The accuracy(%) results of each layer for prediction

Second, each layer is used to be the input of the prediction layer for probing their prediction performance. As seen from Fig. 6, the prediction performance is poor with only 75% accuracy at lower layers. As the neural network layers become deep, from the first layer to the seventh layer, the prediction accuracy of the model increases rapidly. The performance difference between the two layers is about 1%. When the number of network layers reaches the seventh layer, the accuracy improvement of model prediction in the middle layer slows down.

It can be seen that the accuracy trends of different layer connection schemes on the SNLI, Hard SNLI, and Easy SNLI datasets are the same. In other words, as the number of layers increases, the accuracy of the model maintains a consistent upward trend. Since the difficulty of the test set in the Hard SNLI dataset is greater than that of the Easy SNLI dataset, it is more obvious in the upward trend of accuracy, highlighting the differences in the information captured by each encoding layer. This shows that the fusion of differential sentence encoding can capture richer and more extensive semantic information, which proves the effectiveness of our study of multi-layer language information for natural language reasoning tasks.

In summary, the ablation study shows that the performance and impact of each layer of the model on the prediction results are different. As the number of layers of the layer-based language model increases, the model may lose the phrase features and syntactic features captured by the lower and middle layers, resulting in the incorrect prediction of examples that rely more on these two features. The experimental results show that our NLI model with the multi-layer connection mechanism introduced in this paper can alleviate the problem that the information captured by lower layers is lost as the number of network layers goes larger. In addition, it also shows that the multi-layer attention-connected NLI model captures different information and contributes to the results differently.

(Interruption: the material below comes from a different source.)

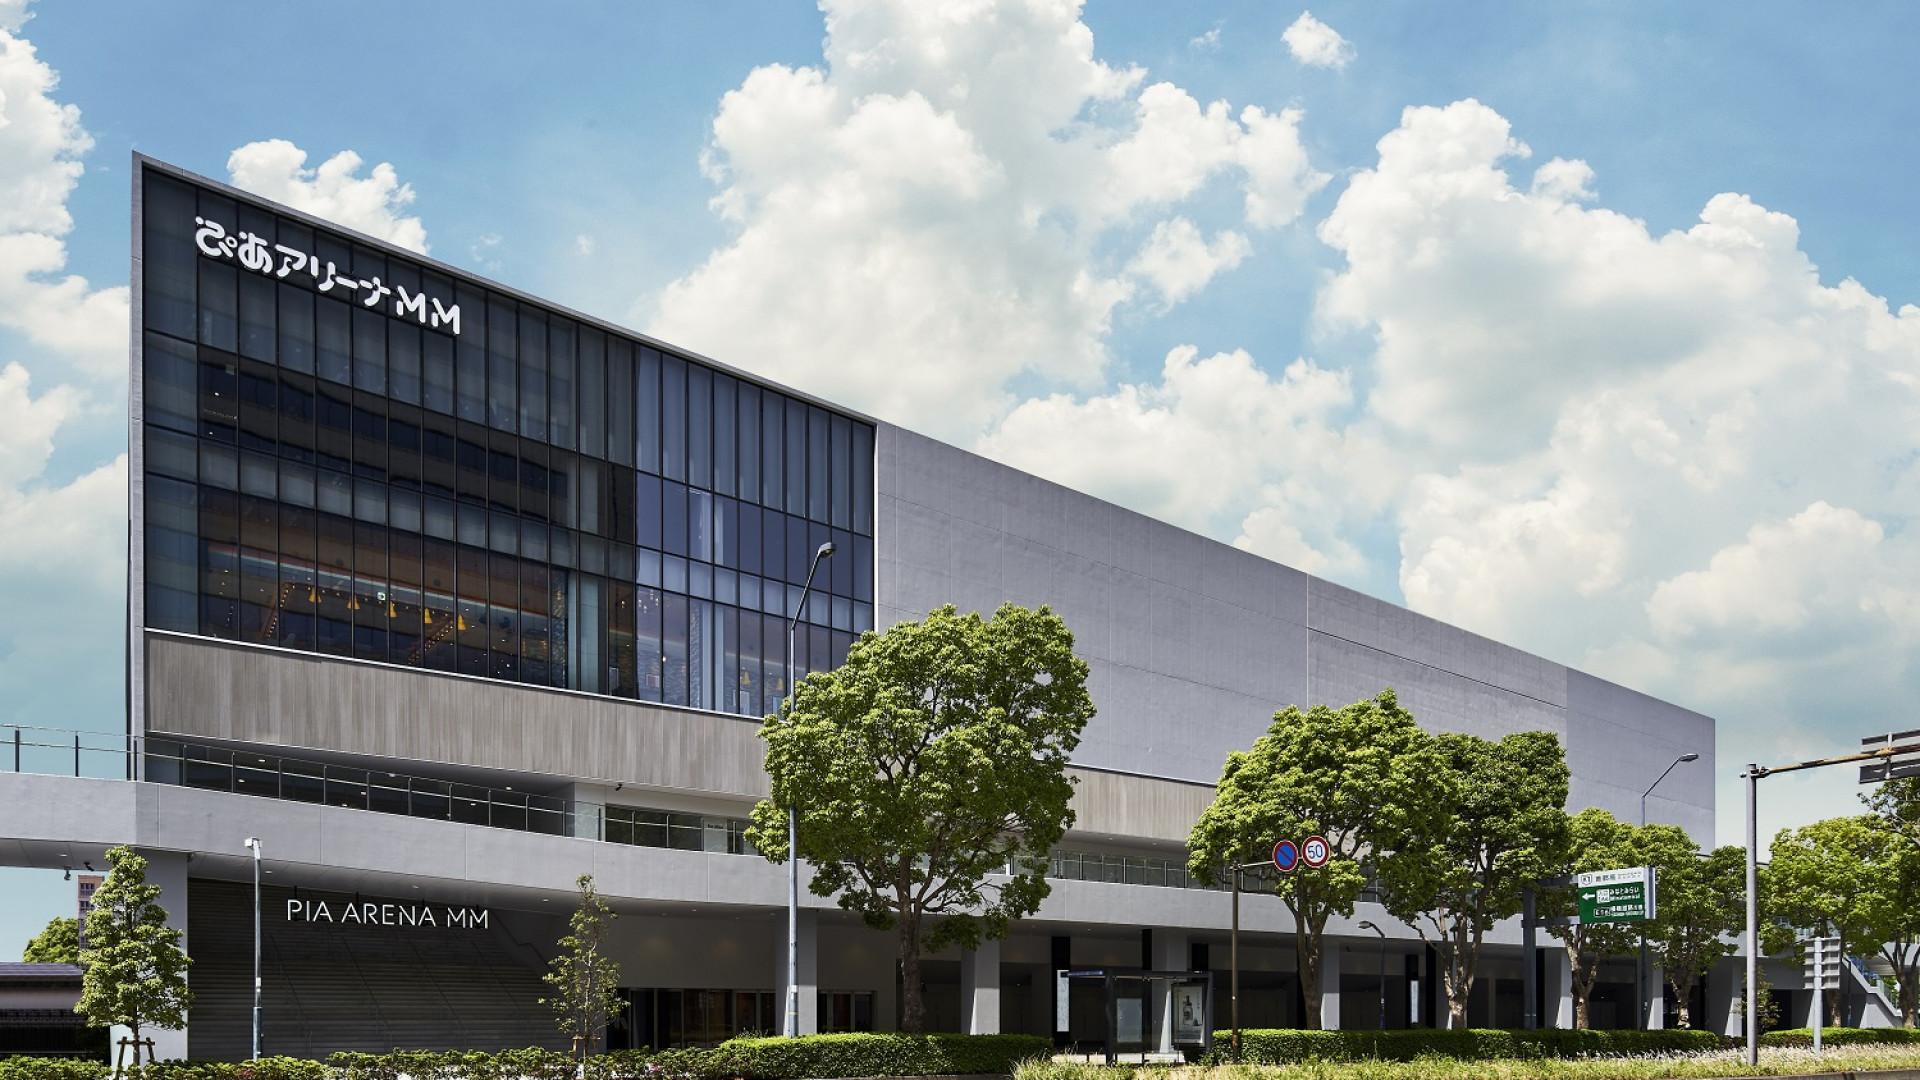 PIA Arena MM

6 Conclusion and Future Work

This paper focuses on interpreting NLI tasks with linguistic feature relation by adding a multi-layer connection mechanism. Our empirical study shows that linguistic feature relations can help NLI models interpret the prediction process in a way that humans explain. Conducted on the SNLI dataset, experimental results show that can multi-layer attention-based NLI model can make greater interpretability with 92.2% accuracy. In future work, we will increase the number of samples to further validate the linguistic structure in sentence pairs. Furthermore, for the linguistic feature relation captured by the lower, middle, and higher layers, we will try to make predictions via layer-wise prompt-based training.